I am currently working on my own RISC-V (rv64gc) emulator. Everything went smoothly so far, however the floating point rounding mode is giving me a headache.
The RV ISA comprises of the following 5 floating point rounding modes:
- RNE (Round to Nearest, ties to Even)
- RTZ (Round towards Zero)
- RDN (Round down / towards negative infinity)
- RUP (Round up / towards positive infinity)
- RMM (Round to Nearest, ties to Max Magnitude)
When thinking about the instructions that convert floats to integers (e.g. FCVT.W.S), these modes all make sense. However these aren't the only ones with encoded rounding modes. The instructions converting integers to floats also have a 3 bit encoding space for the rounding mode, as well as all the floating point arithmetic instructions do.

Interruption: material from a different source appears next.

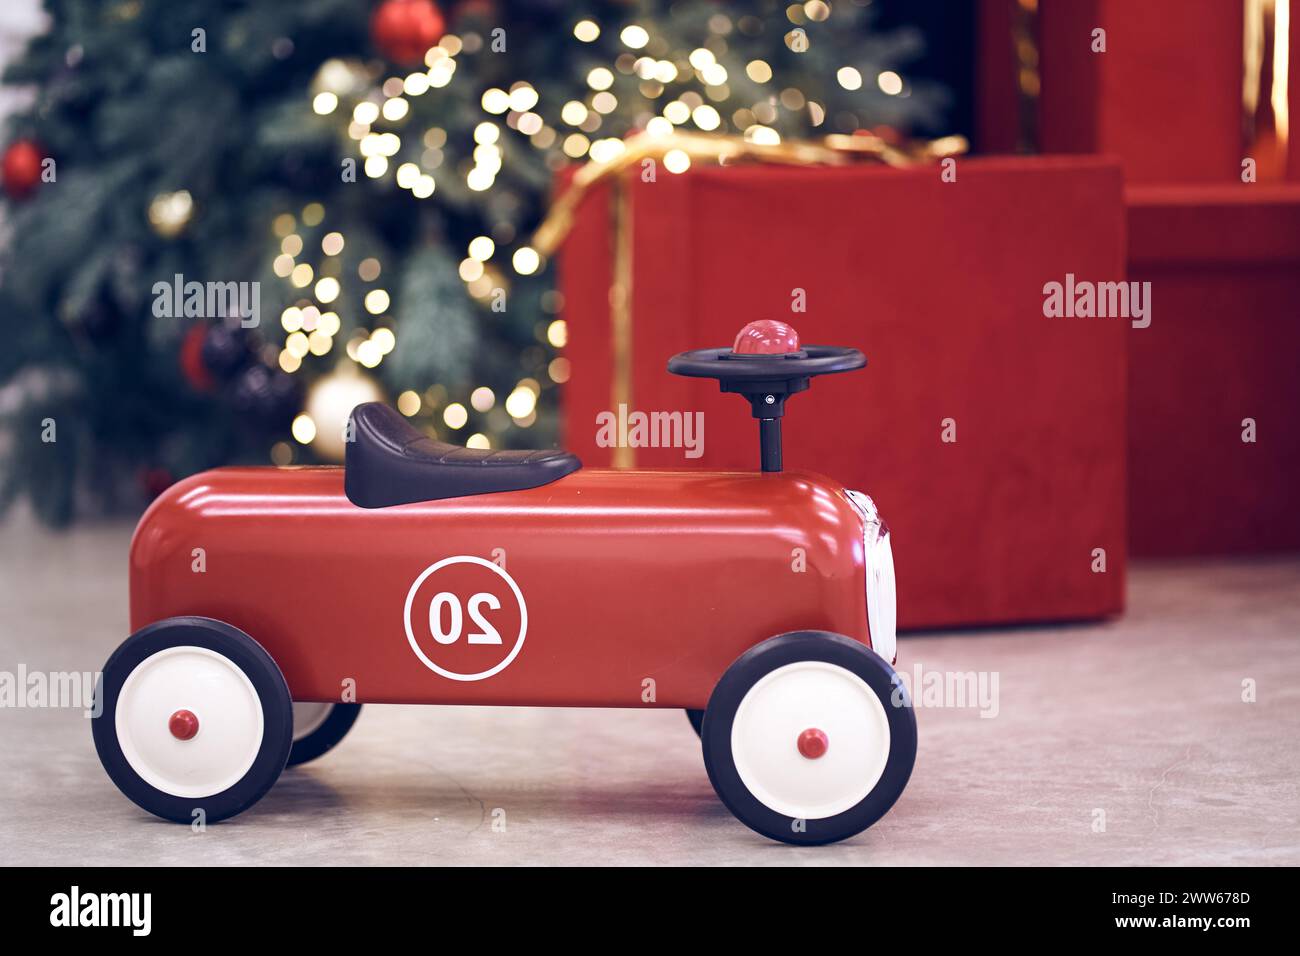 Blick auf das rote Retro-Auto für Kinder auf dem Hintergrund von Geschenken in roten Schachteln mit goldenen Bögen, Weihnachtsbaumgirlande, Lichterketten, roten und blauen Kugeln. Hintergrund, Kopierraum, Bokeh. Stockfoto

Now lets say we got 2 floats and want to add them together. If one of them is a large number and the other is a small number with lots of digits after the floating point, we might exceed the storage capacity of a float. Whenever this happens, are the lowest bits/digits just discarded? If yes, why would there be a rounding mode given then? Otherwise, how would the different modes work and what would they round to?
Generally rounding after discarding (which kinda is a must do without any extra bits available) makes no sense really, since after the least significant bits have been discarded, there is no need to further decrease precision by rounding because the storage is now enough for what's left of the original number. So is the rounding happening before the last bits are cut off and the resulting zeros are then discarded?
Example:
Imagine we have a Mantissa of 011010111 after adding two numbers, but actually a Mantissa's size is 8 bits at max (So we have to get rid of 1 bit).
RNE: Option 1 is 011010110 (down), Option 2 is 011011000 (up)
This is a tie: Which option would it choose?
After any of both options no further data is lost because only a 0 is discarded.
RTZ: Only option is 011010110 (towards Zero / down)
The last zero can now be discarded without any further data lost.
RDN and RUP: Dependent on the sign bit, there always is only one way to go and the last bit will turn to 0 so no further data is lost when discarding that bit.
RMM: This always has only one option too (away from 0 / up in this example).
When looking at another example with a 0 currently set as least significant bit, does it simply not round because incrementing/decrementing the number would actually increase precision here?
In case there is rounding happening before bits are discarded, does the CPU just temporarily hold a bigger result when the instructions are executed which is then used to get the rounded result of the correct size?
If I got something wrong fundamentally please correct me, likewise any help is appreciated!!